第6章(第2页)
方顾没兴趣凑过去看,但他即使不看也清楚,那些瓶子里歪七扭八装着的不会是什么好东西。
“蛇。”岑厉盯着一只玻璃瓶,眼中显露出“果然如此”的兴味,小声喃喃。
方顾走过去,那一排一排的玻璃里泡着的全是蛇,什么样的都有,看得人头皮发麻。
接着,岑厉走到方形台前,金属的台面模模糊糊映照出一张冷艳的眉眼,他伸出一根手指在边沿处的那摊血色污迹上一抹,而后凑到鼻尖闻了闻。
方顾眼皮一跳:“哎!你干……”
“是汪雨,”岑厉打断他,“汪雨来过这里。”
“他们现在可能有危险,我们必须马上找到他们。”岑厉语气急切,眼睛灼灼盯着方顾。
方顾与他对视三秒,旋即错开视线。
“找找门在哪里,我们首先要出去。”他一边说,一边四处探查。
这间实验室一样的屋子没有门,至少在现在的方顾看来是这样的,一个四四方方的盒子,严实地如同一个铁制的棺材。

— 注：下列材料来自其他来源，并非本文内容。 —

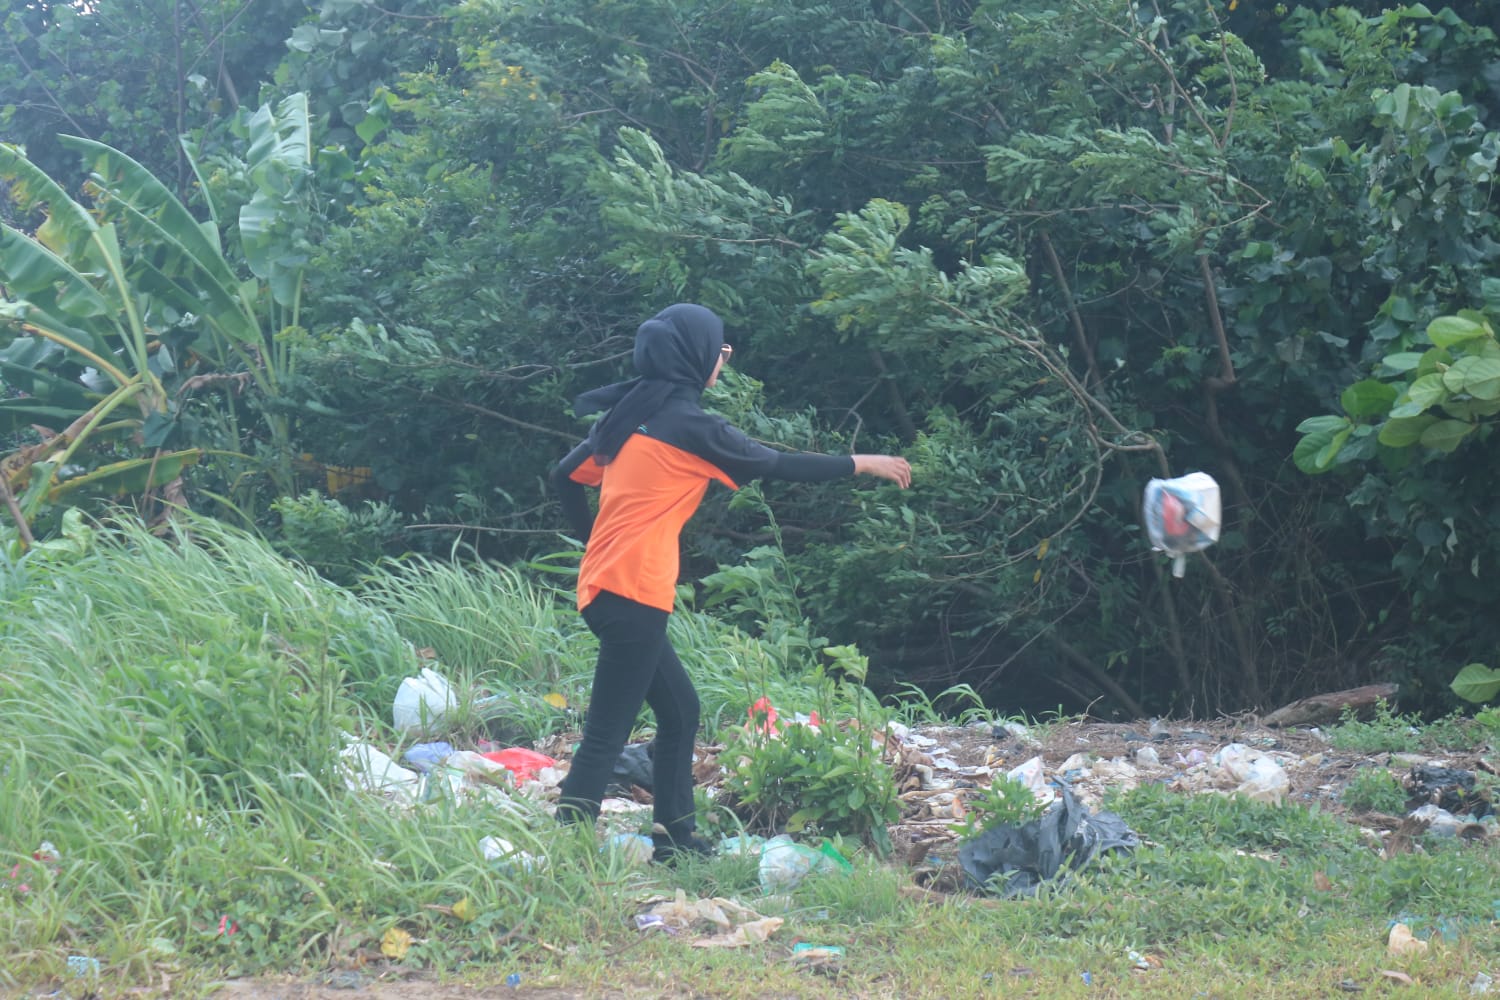 Berserak tumpukan sampah bercampur kepingan kayu dan bambu dibeberapa titik lokasi disekitaran pantai Jakat Bengkulu.

“这些墙面没有缝隙,不存在暗门和机关。”岑厉在墙面上摸索着,眉心的褶皱越来越深。
方顾从通风管道上跳下来,眼底隐隐浮出几抹失望:“天花板我也看了,没有第二个蛇洞。”
“我们一定有什么地方遗漏了,这里不会没有出口。”岑厉眼睫颤动,语气笃定。
两个人的视线在空中交汇,方顾突然瞥到一抹光,他垂下眼睛,重新审视起那张冰冷的方台。
铁质的冰冷透过薄薄的衣服将陈少白整个后背冻僵,侵入骨髓的冷传遍四肢百骸。
被皮质禁锢带死死绑住的手脚也没了知觉,四周静悄悄的,陈少白如同动物一样被拉开四肢禁锢在了一张长型方台上。
冷白的光打在陈少白脸上,越发衬出那张灰白发青的颓废面孔,他睁着眼,仿佛是一具会呼吸的尸体。
蛇毒麻痹了他的神经,他发不出声音,连手指头也动弹不得,只有一双茶色眼瞳时不时转动,若是此时有熟悉他的人,一定会明白他现在骂的有多脏。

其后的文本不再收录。